■ WHAT TO PRODUCE: Give back the full listing as written. No pictures go with it.

■ DATA:

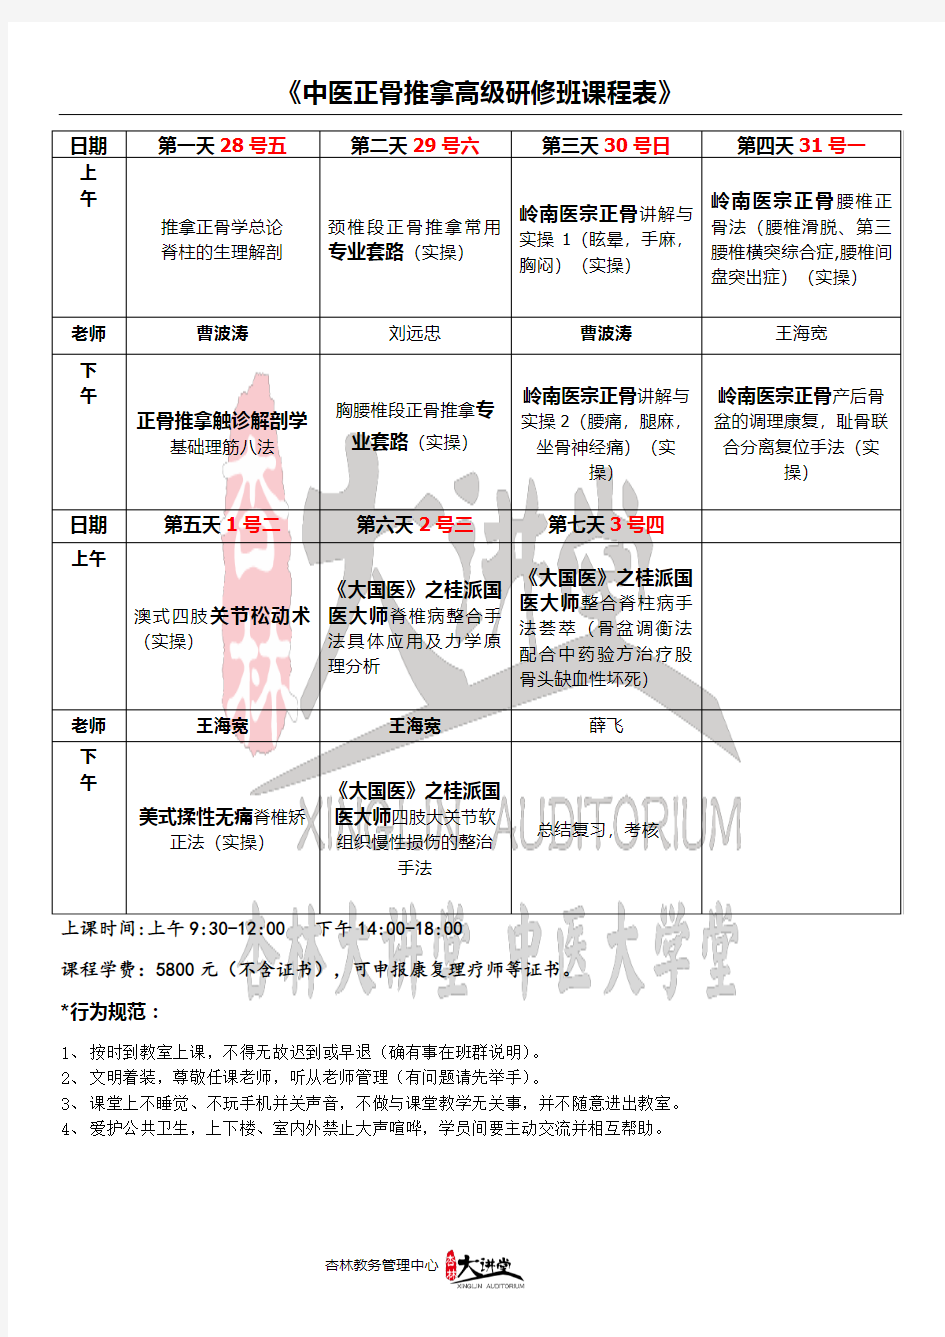 广州杏林大讲堂总校12.28中医正骨推拿班课表(安排表)
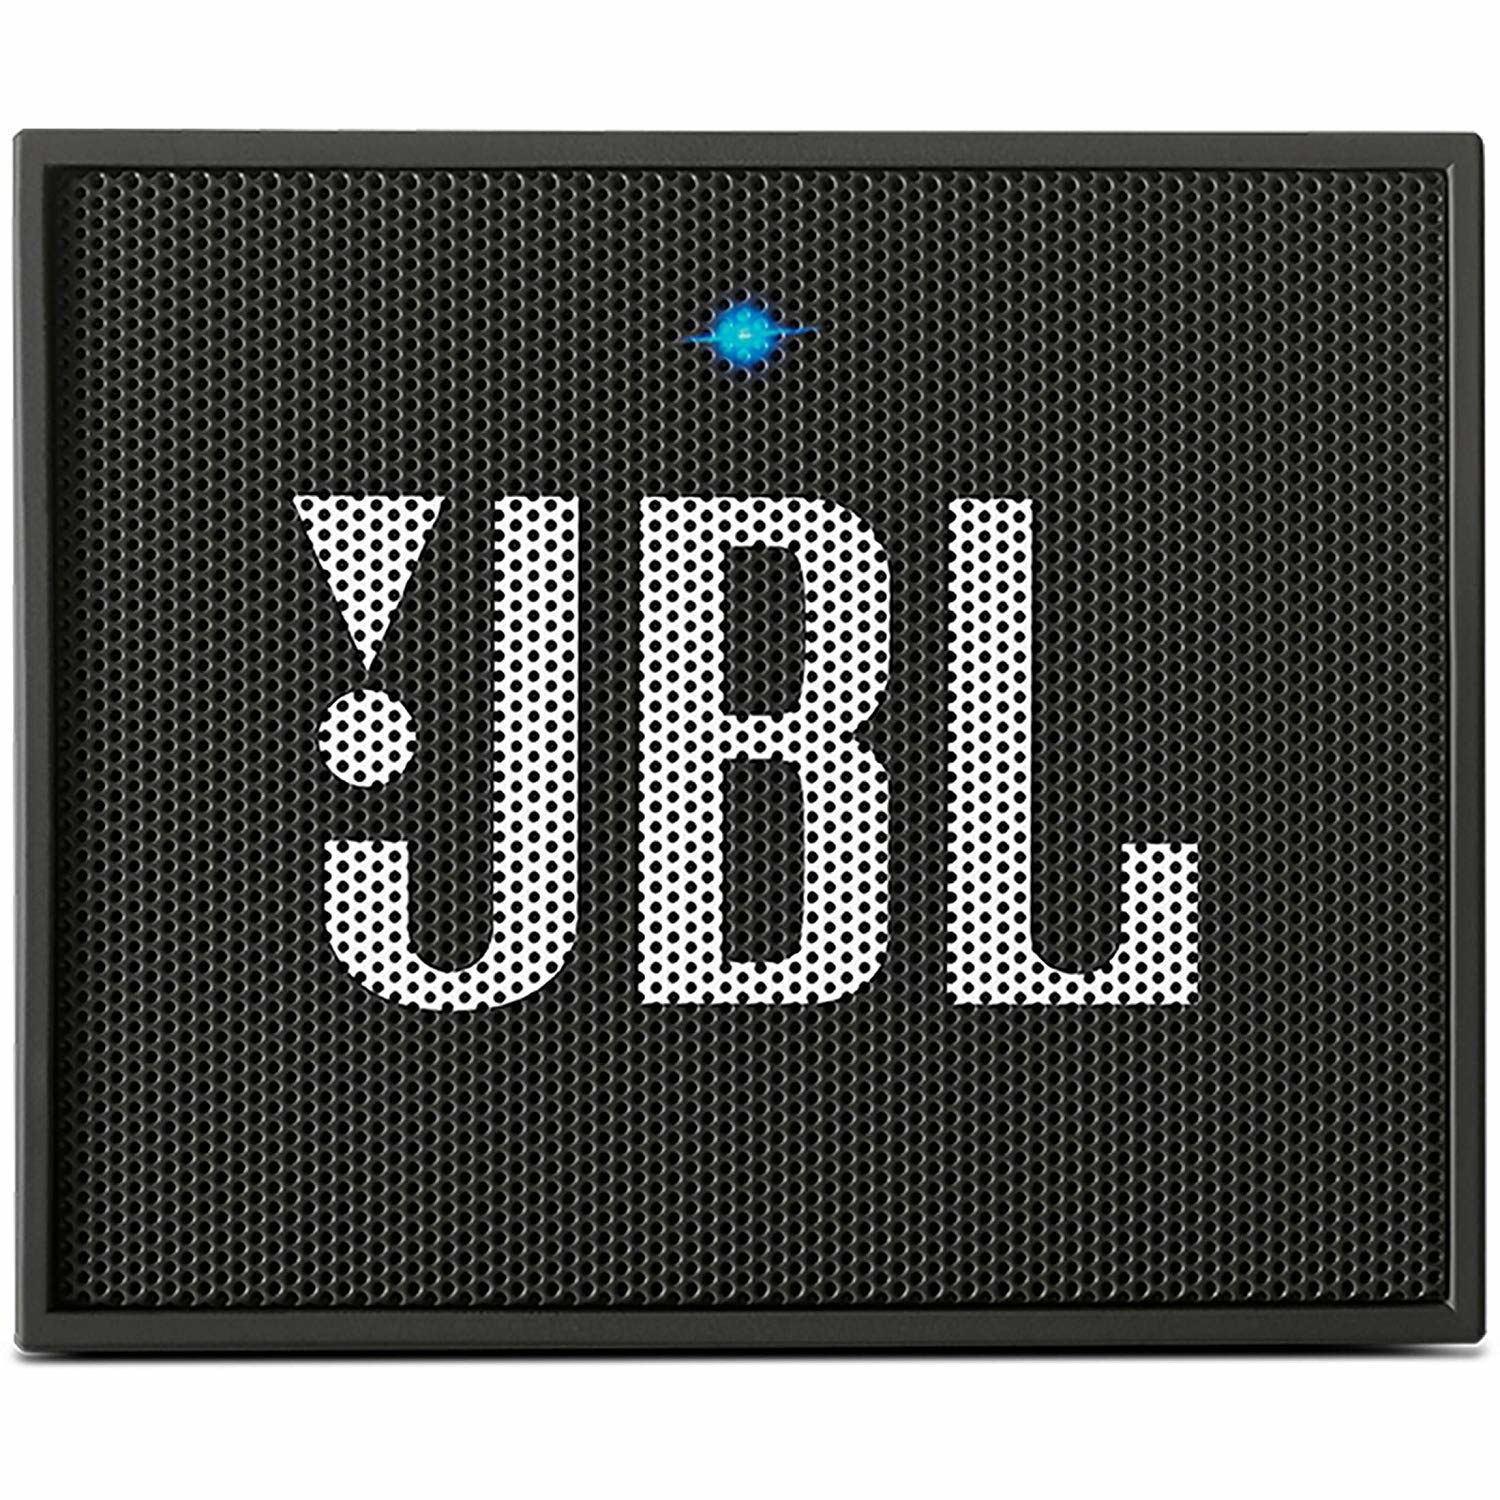 A black JBL GO portable speaker
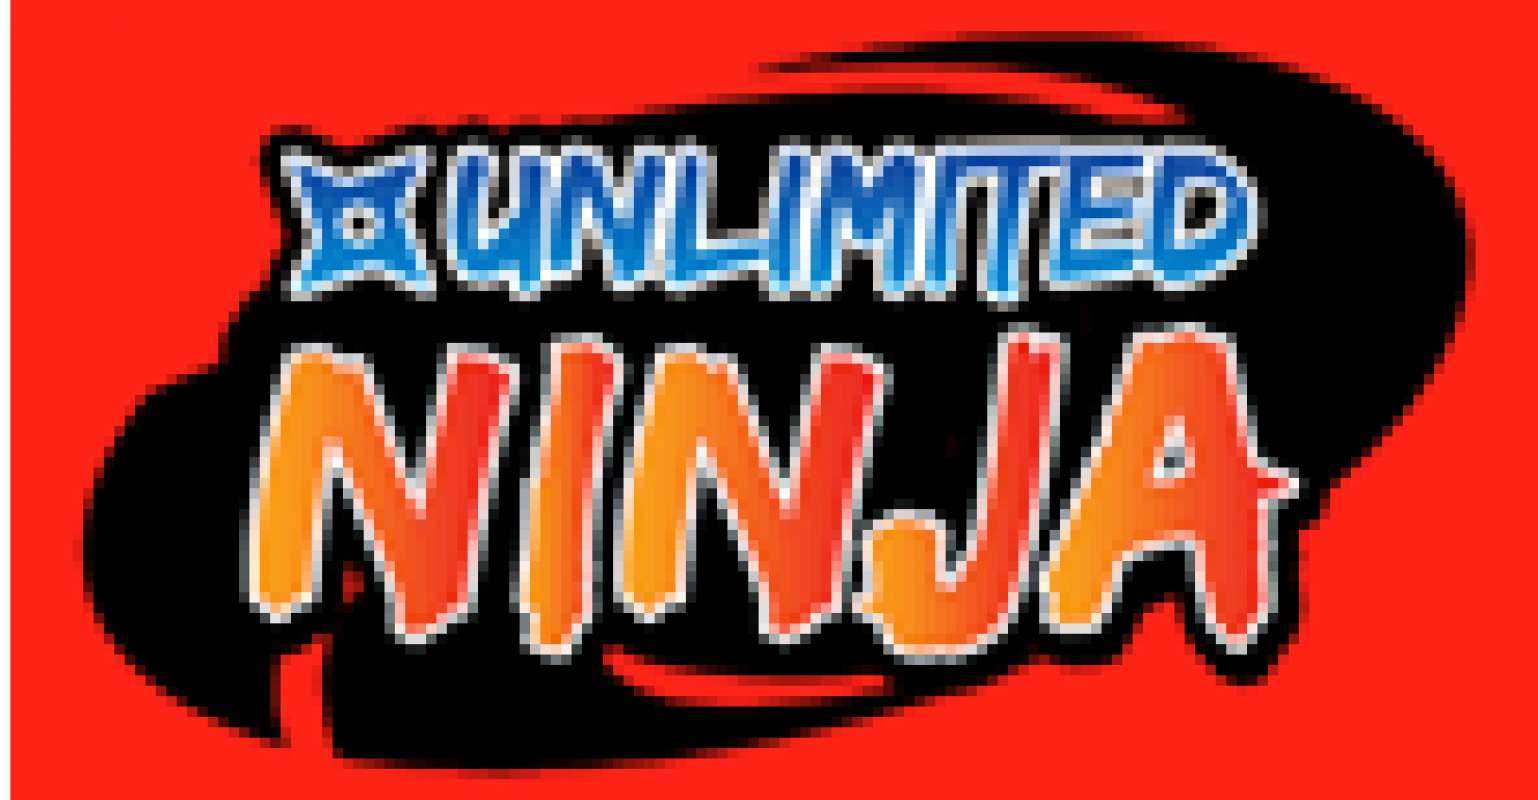 Unlimited Ninja
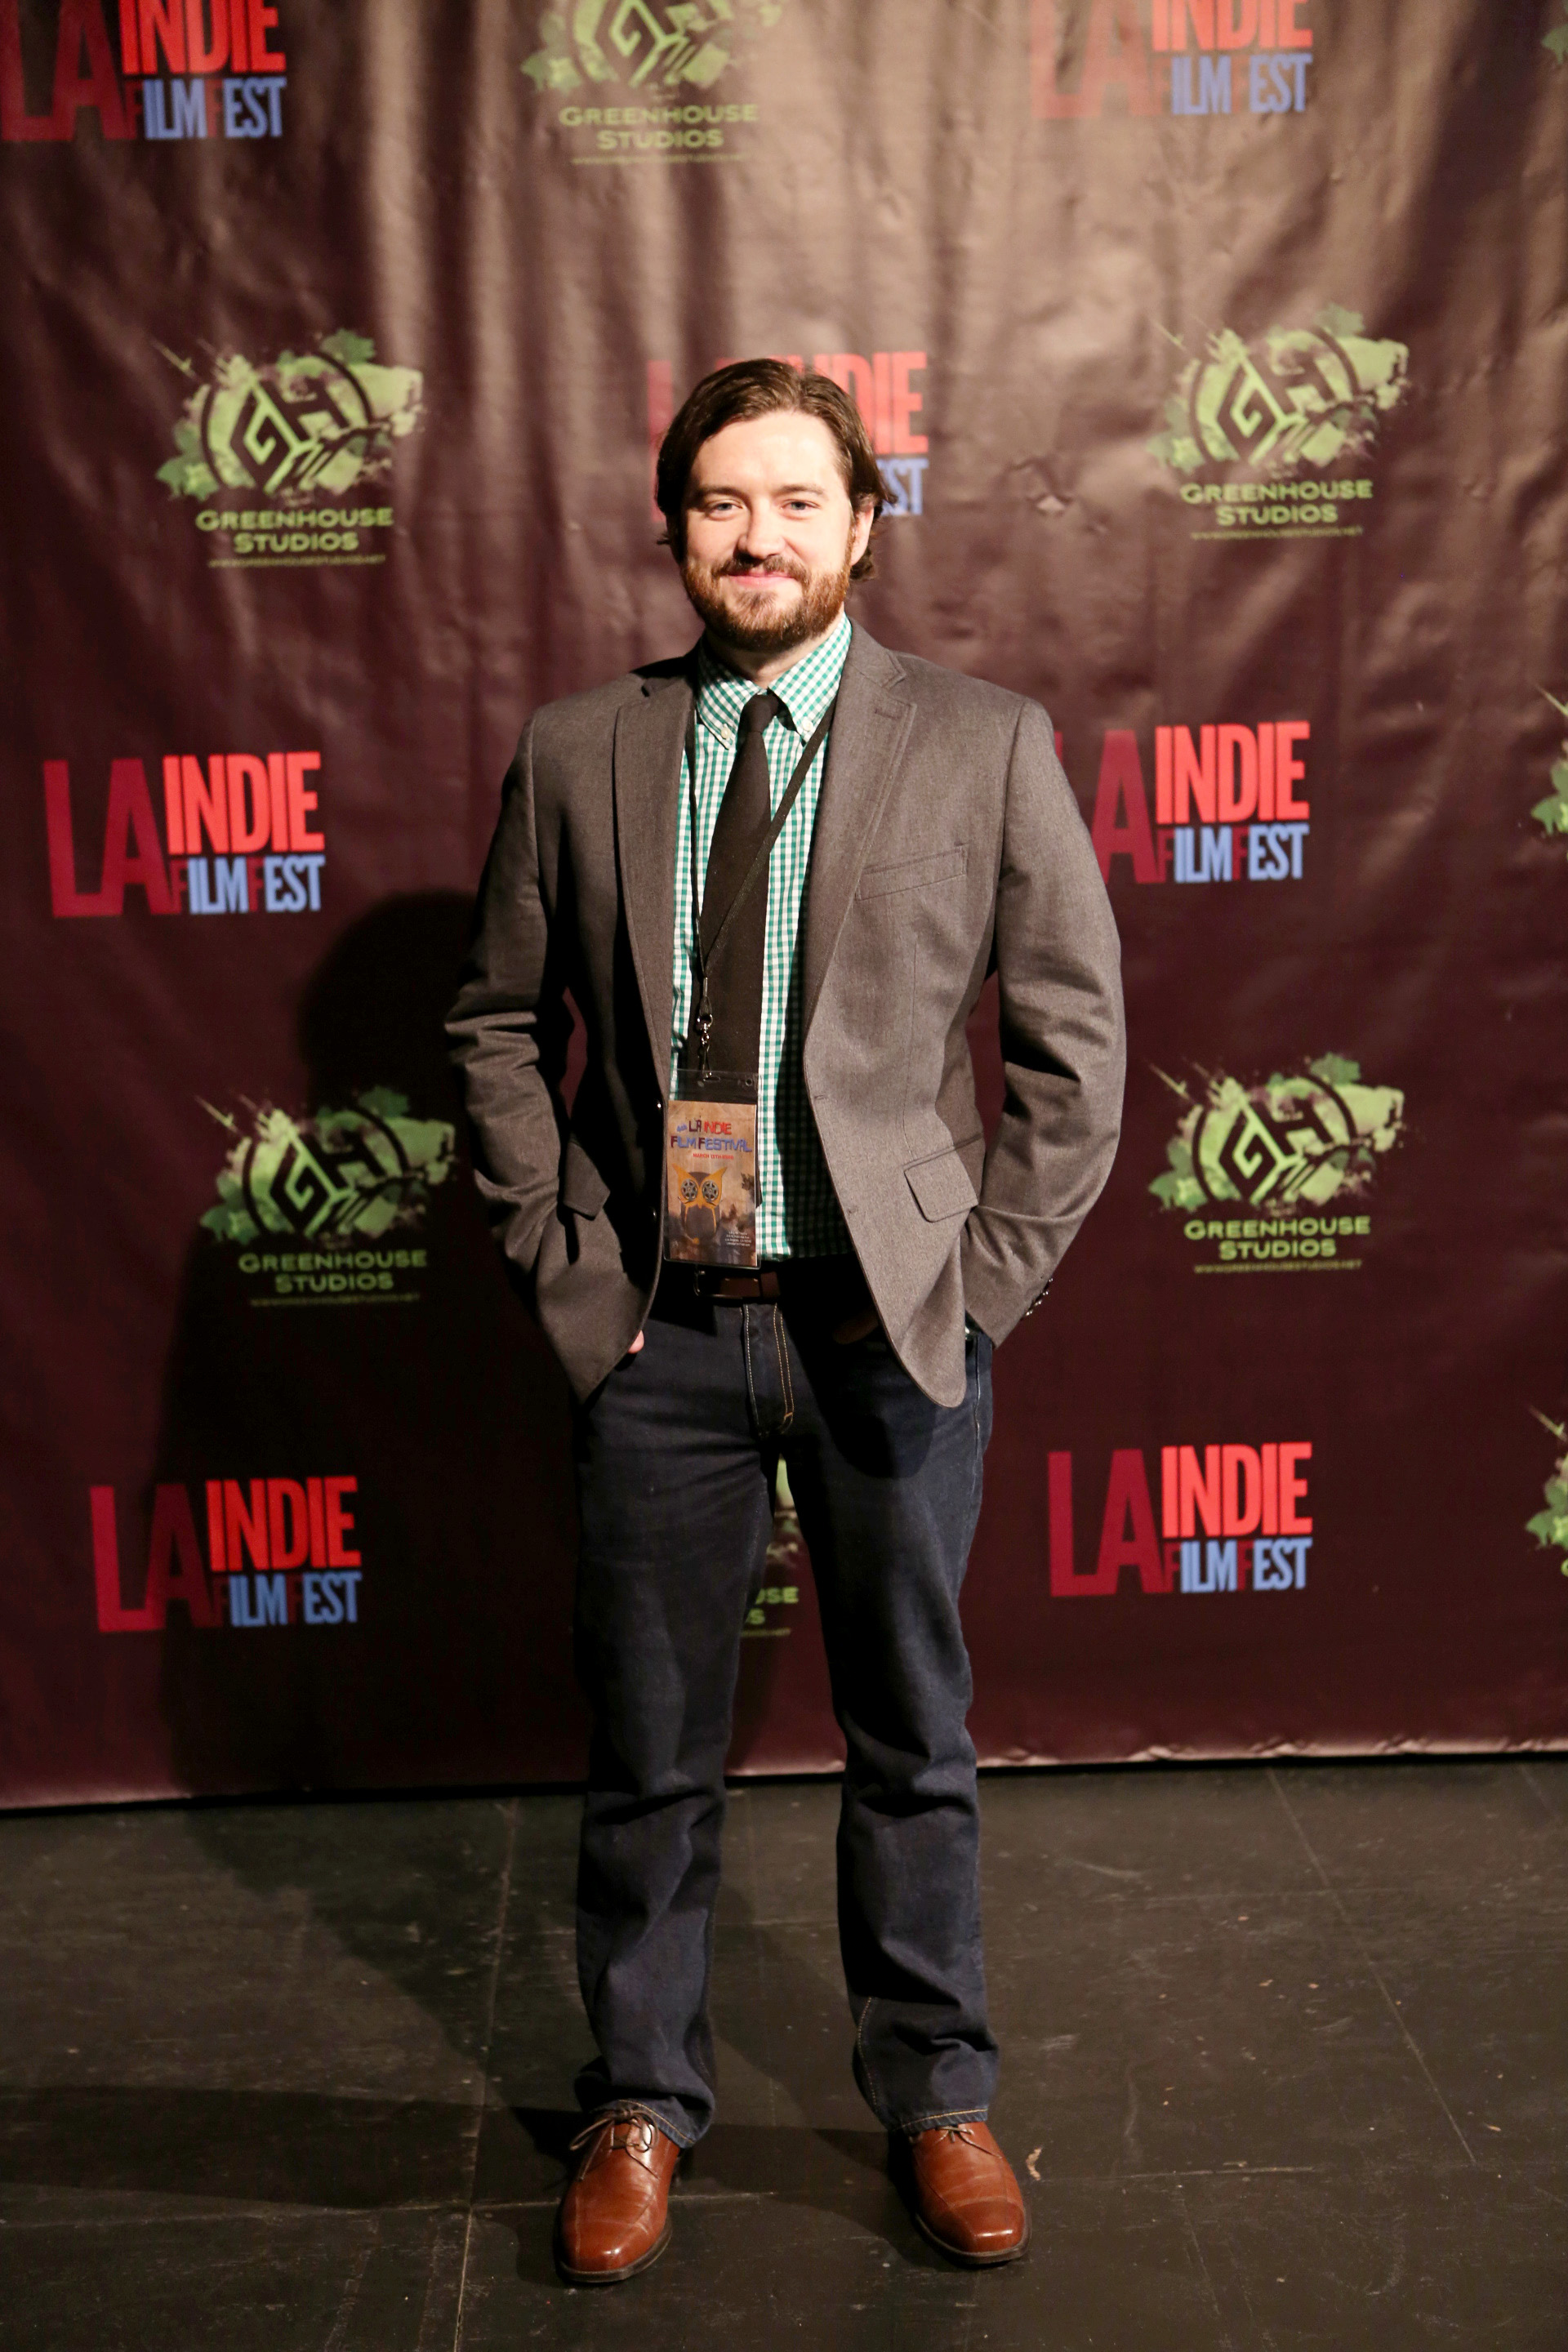 Adam Rosenbaum at the LA Indie Film Fest for the premiere of his short film,

■ ANSWER BOX:
 广州杏林大讲堂总校12.28中医正骨推拿班课表(安排表)
 A black JBL GO portable speaker
 Unlimited Ninja
 Adam Rosenbaum at the LA Indie Film Fest for the premiere of his short film,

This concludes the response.